A Midwest developer not long ago was worried it had an industrial-sized white elephant on its hands.

The 220K SF vacant manufacturing plant it owned in Wyoming, Michigan, seemed to be nearing the end of its useful life. Further complicating matters, the building’s roof was only 16 feet tall — too low to accommodate the needs of many potential tenants.

“Today’s owners and tenants want their clear heights to be 30-plus feet,” said Mason Harris, vice president of operations for Rooflifters. “This has to do with the height of racking systems or other storage or manufacturing equipment they will need to operate in the space.”

Harris said the developer was considering demolishing the building but was open to other, less costly alternatives. The cost of razing the property could run into the mid-six figures, on top of the even larger expense of building a new building in its place. 

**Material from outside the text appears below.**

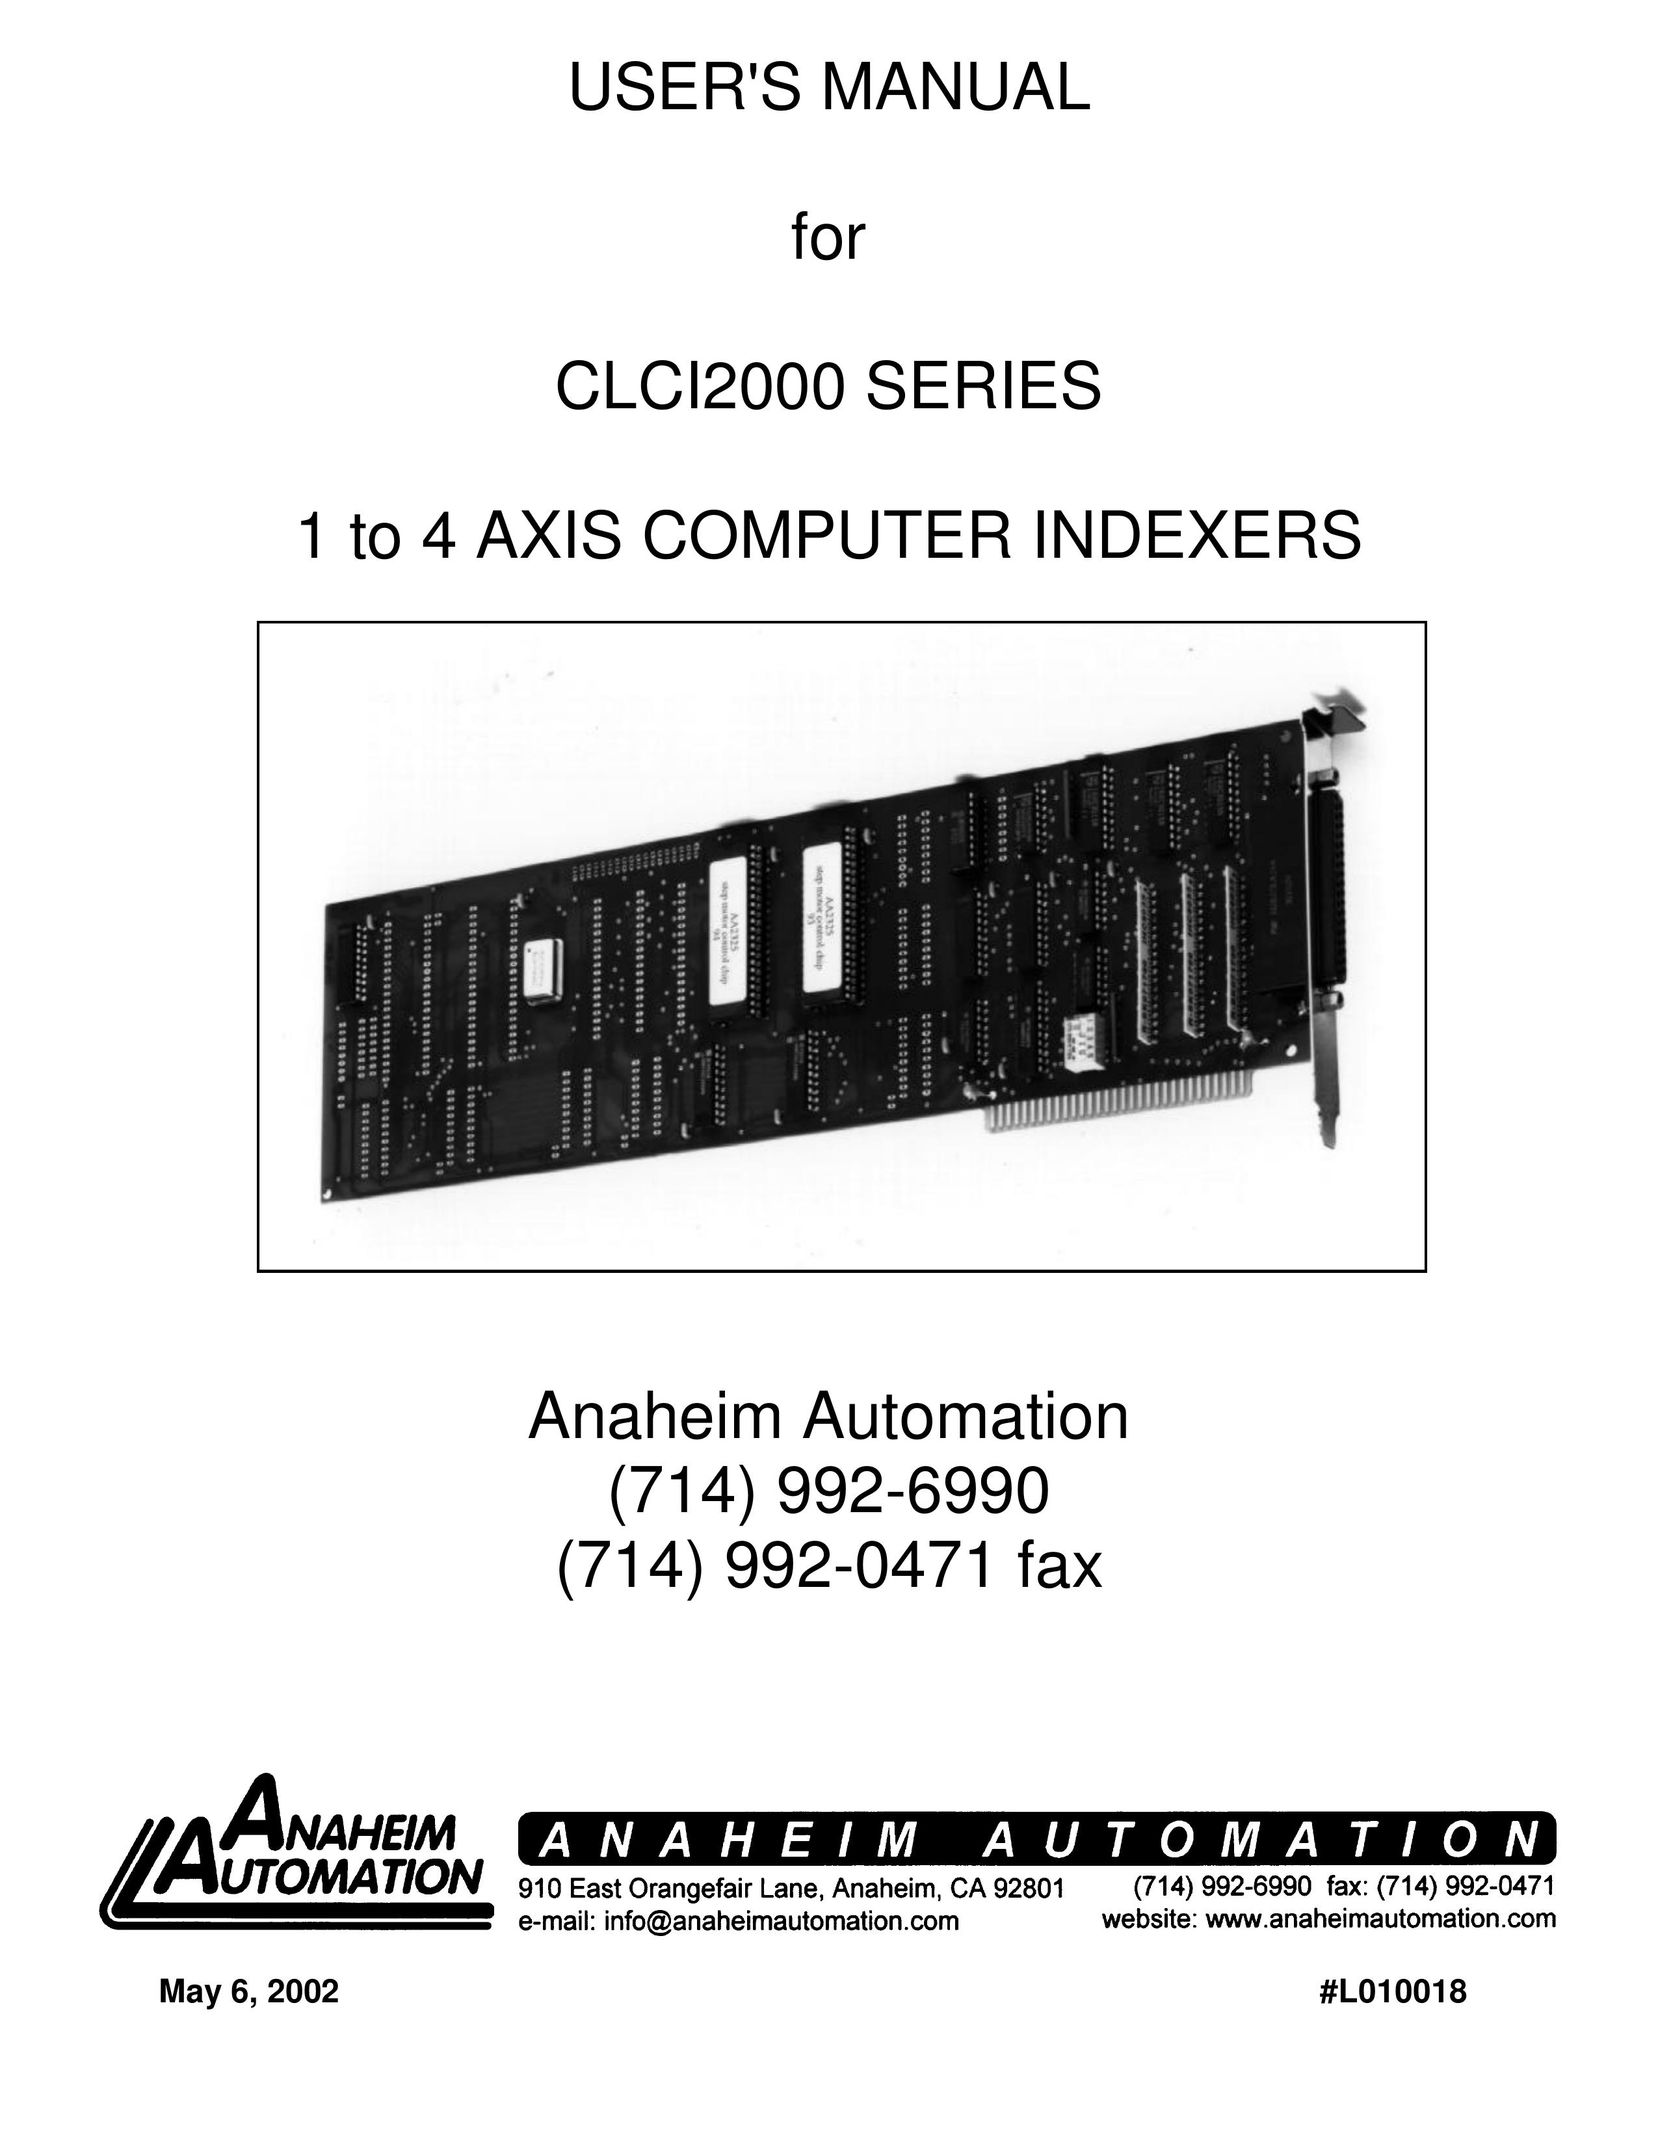 Anaheim CLCI2000 Computer Accessories User Manual

The developer reached out to Rooflifters to execute a solution: double the height of the existing roof to 32 feet. Conducted in two phases with a proprietary hydraulic system, the lift took approximately three months to complete. Once the raised roof was in place, support columns were installed where needed and walls were extended upward and reconnected to the roof. 

This brought new life and opportunities to the building at a fraction of the cost of new construction, Harris said.

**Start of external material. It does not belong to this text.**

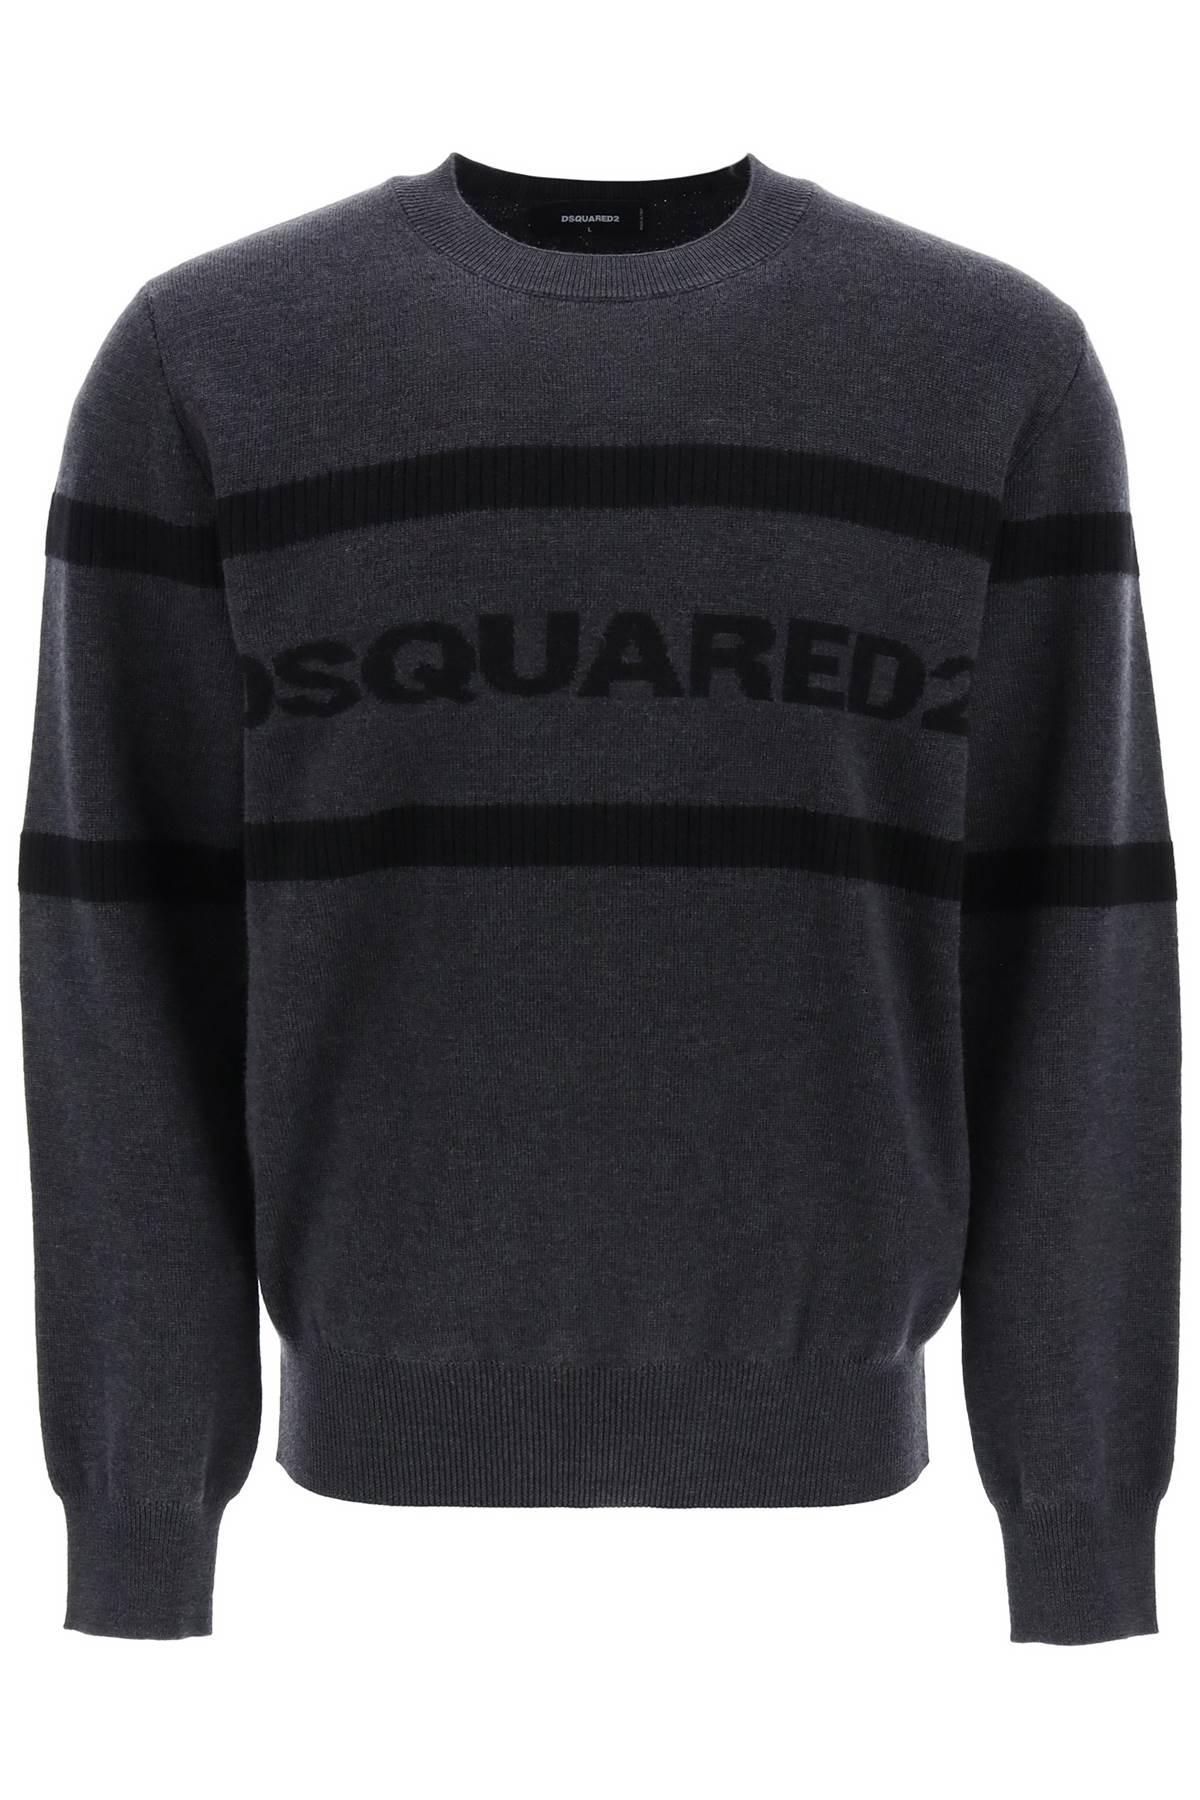 Dsquared2 Jacquard Logo Lettering Sweater - 1

In fact, the cost of lifting a facility’s roof to accommodate modern users’ needs can be less than one-third of the cost of replacing the property with a new industrial building.

“This building was the definition of ‘functionally obsolete’ — every year we considered tearing it down,” the developer said. “This all changed with the roof-lifting plan. We now have a long-term commitment from the new tenant — a supplier to the auto industry — and favorable tax incentives from the city.”

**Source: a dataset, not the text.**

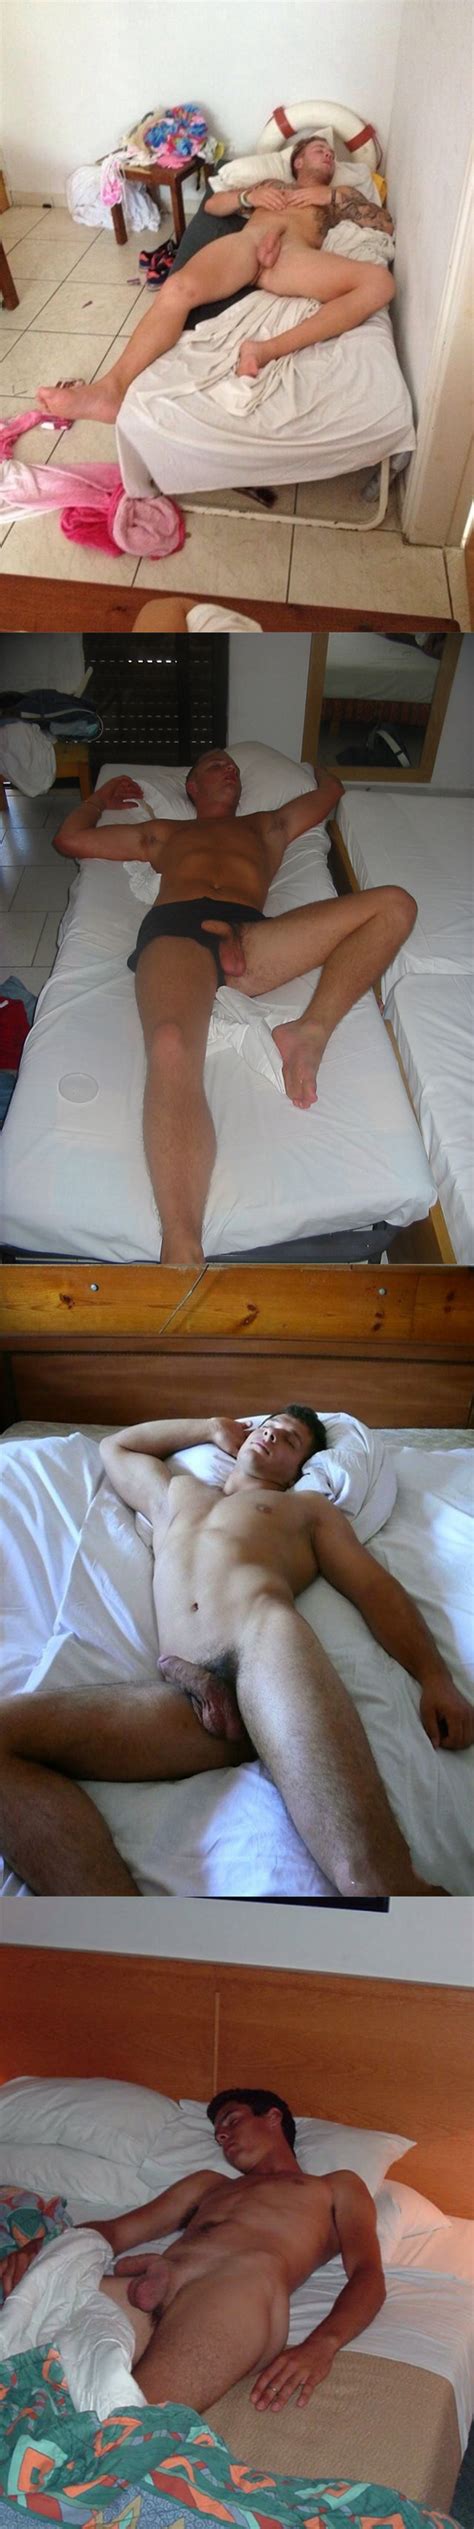 Guys Caught Sleeping Naked By Hidden Cams Spycamfromguys Hidden Cams

Harris said roof lifting is a viable option for aging industrial facilities that either are located in dense, urban areas with no room to grow horizontally or are constrained by zoning restrictions. Other candidates include retail properties looking to attract modern commercial tenants and self-storage operations that need to expand their square footage, he said.

At issue is a building’s “clear height,” which is the unobstructed vertical clearance from the floor to the structural steel level of the roof. A masonry building built 50 years ago might have a maximum clear height of only around 14 feet to 16 feet. Modern buildings constructed with precast, tilt-up methods — the sort the developer knew it would compete against for tenants — range from 28 feet to 32 feet tall, and even 40-foot heights are not unheard of.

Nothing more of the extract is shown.